Work order: Please go line by line and repeat the data below exactly, with no images.

Data excerpt:
▬▬▬
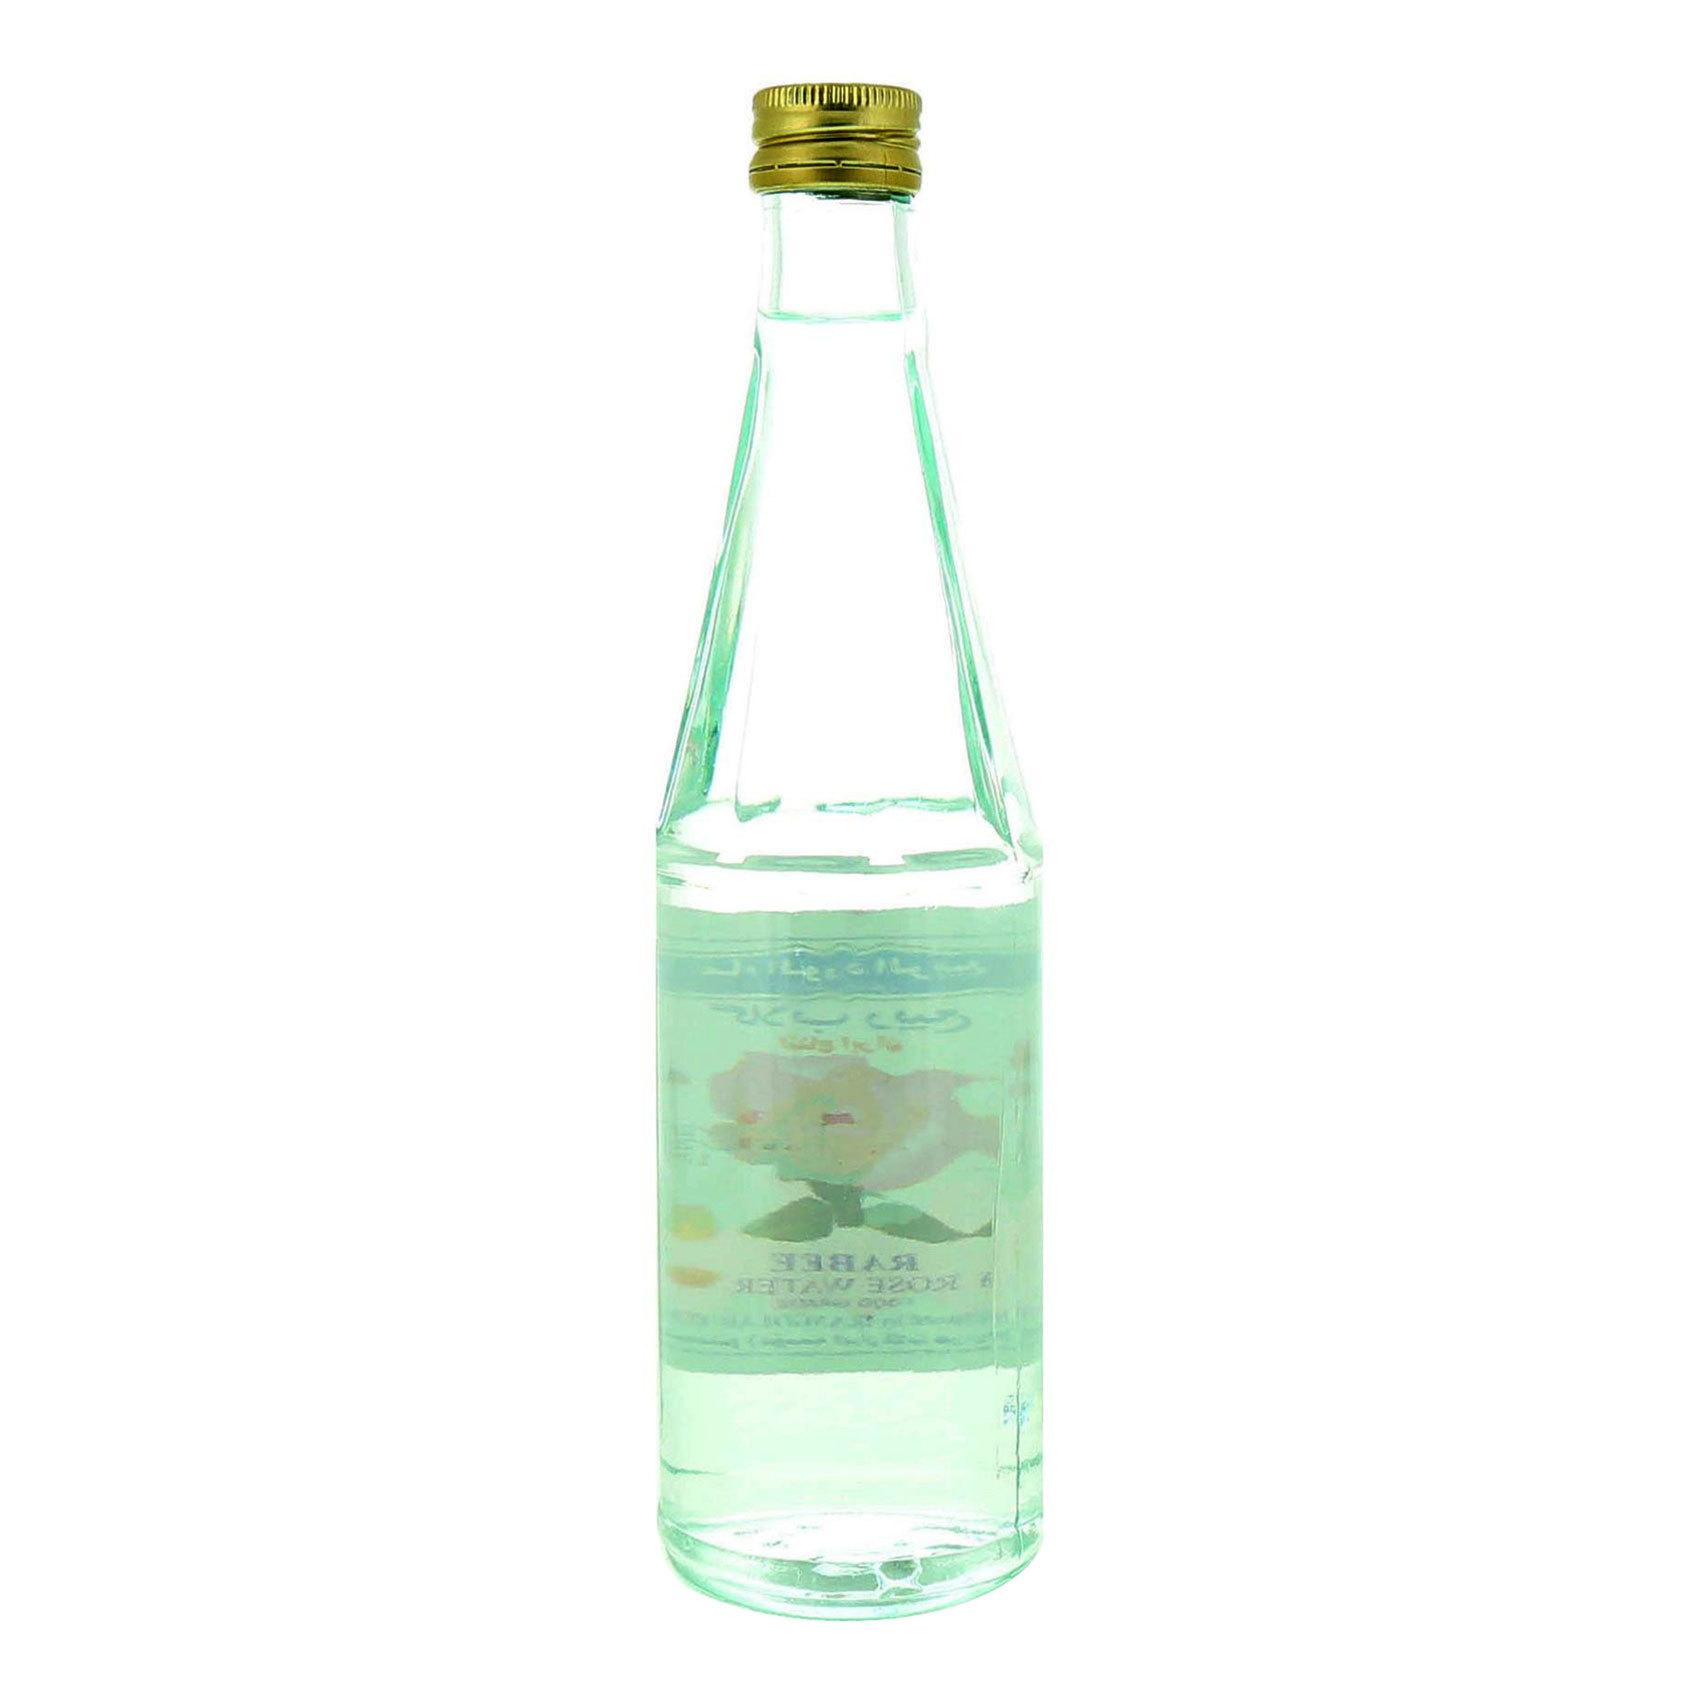 RABEE ROSE WATER 430ML
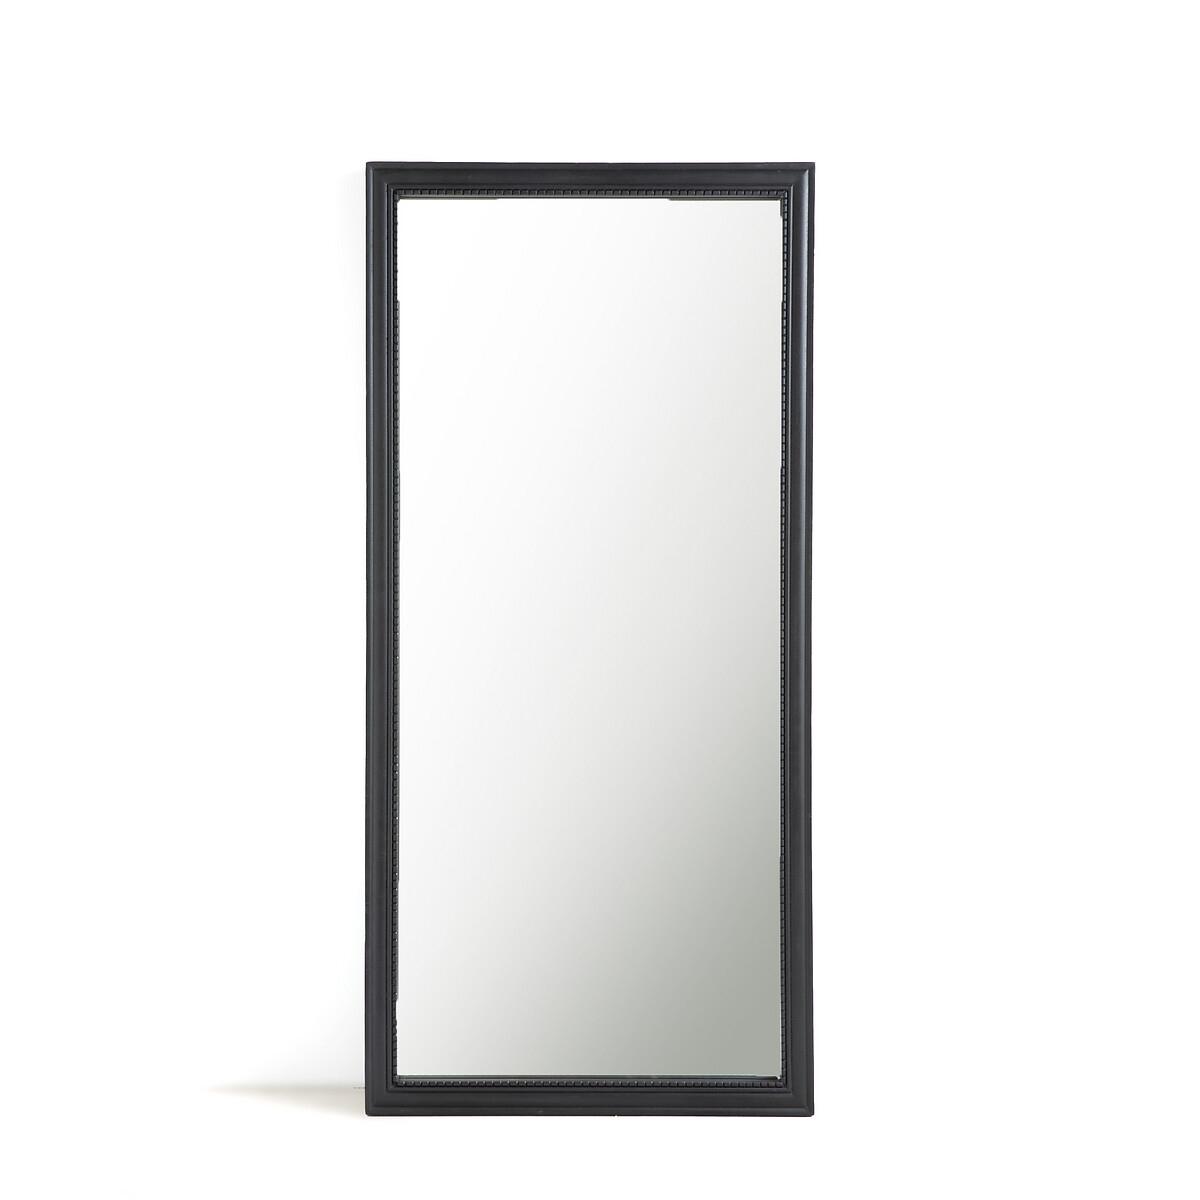 Miroir manguier massif rectangulaire H170 cm Afsan
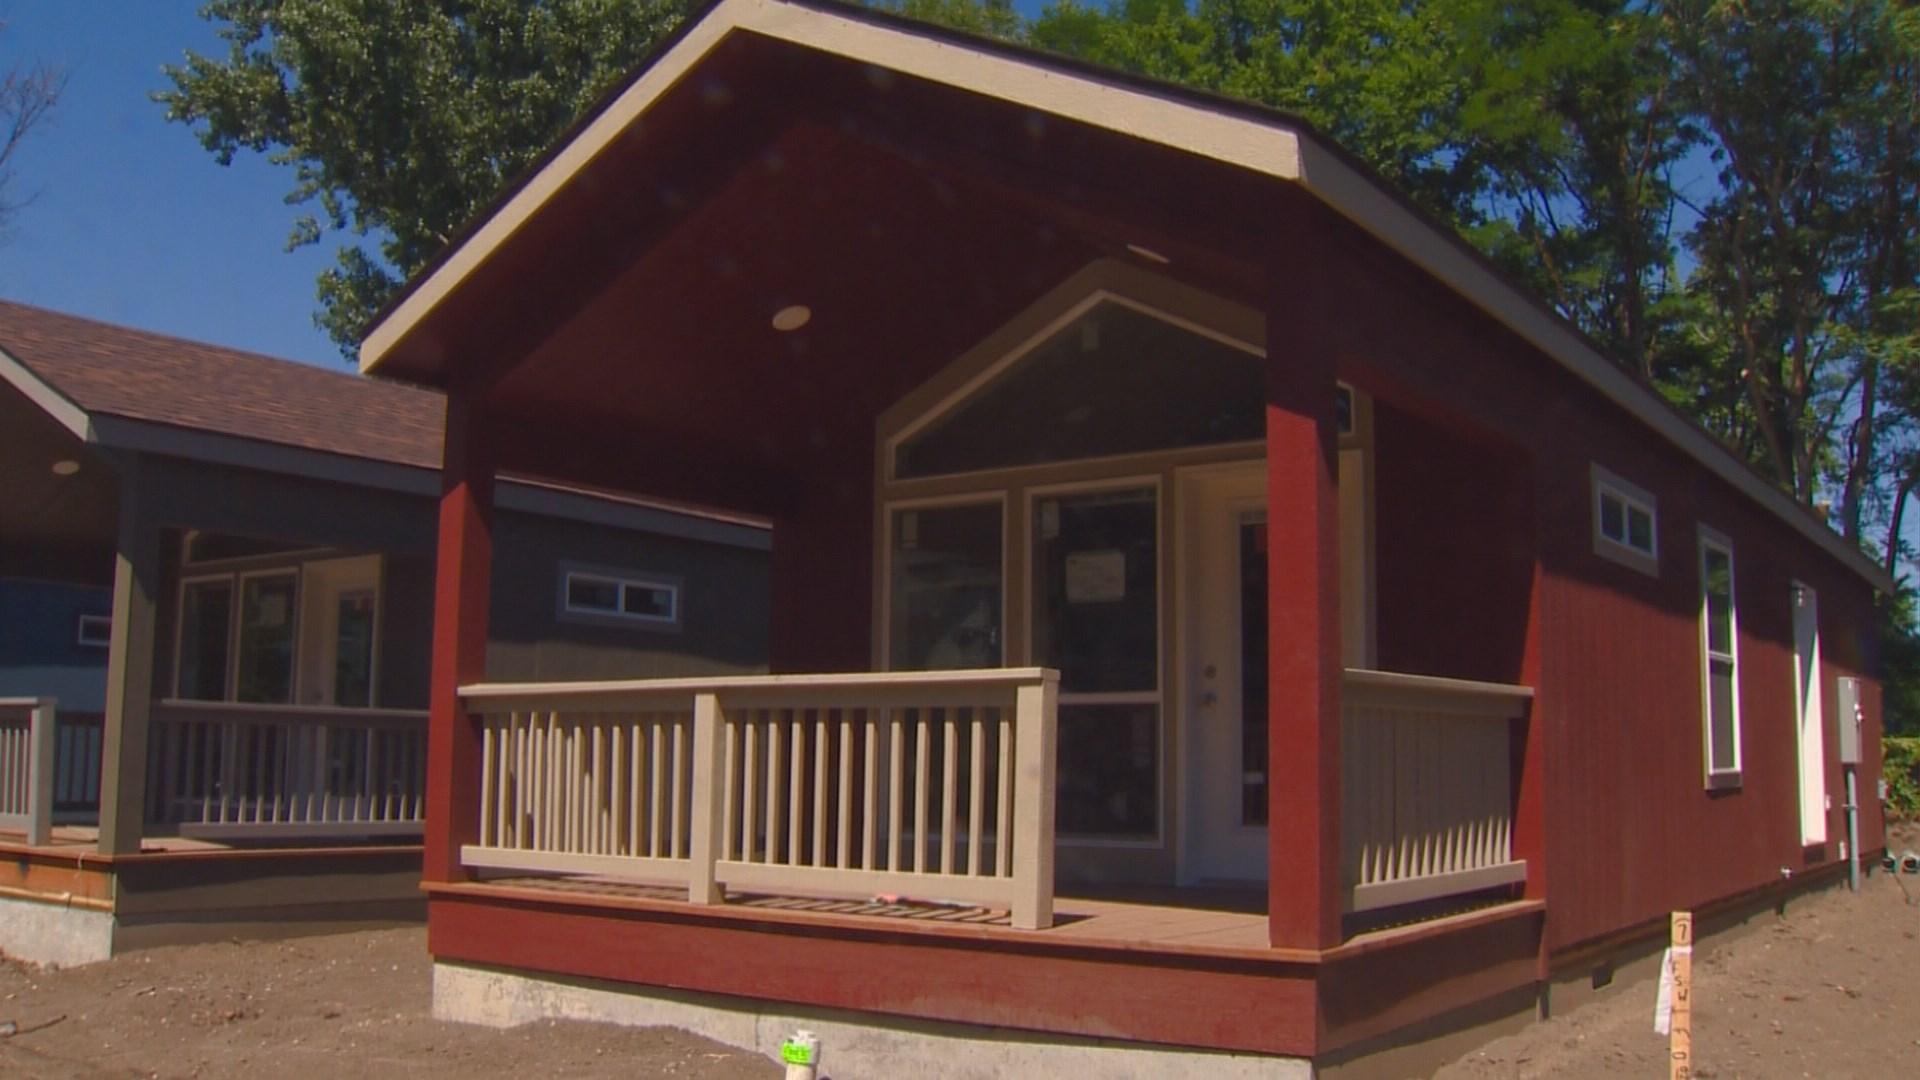 Modular Homes Used As Low Income Housing Option Ktvb Com
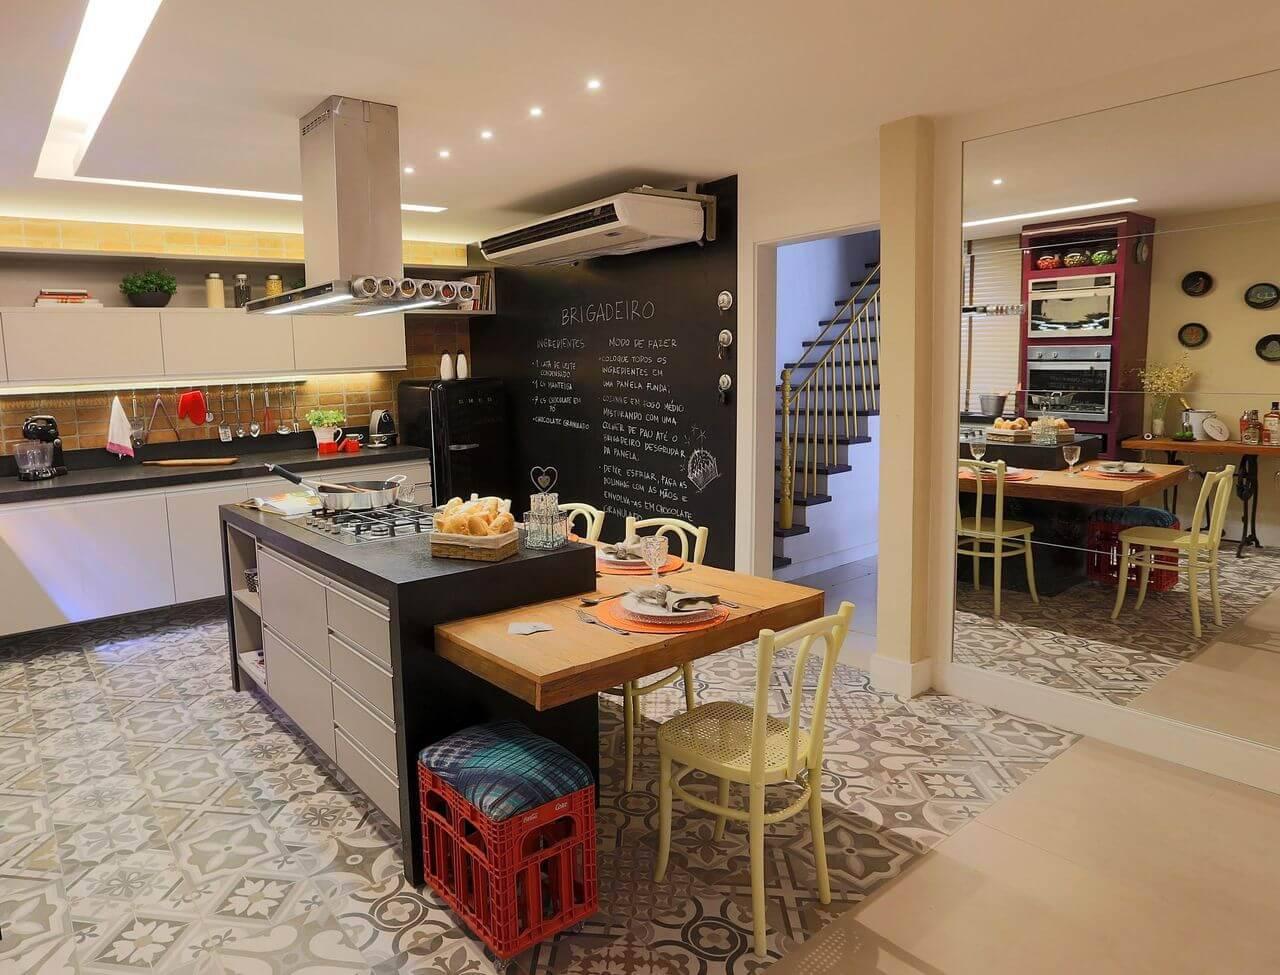 pisos para cozinha lorrayne zucolotto-49603
▬▬▬
Result of this task:
 RABEE ROSE WATER 430ML
 Miroir manguier massif rectangulaire H170 cm Afsan
 Modular Homes Used As Low Income Housing Option Ktvb Com
 pisos para cozinha lorrayne zucolotto-49603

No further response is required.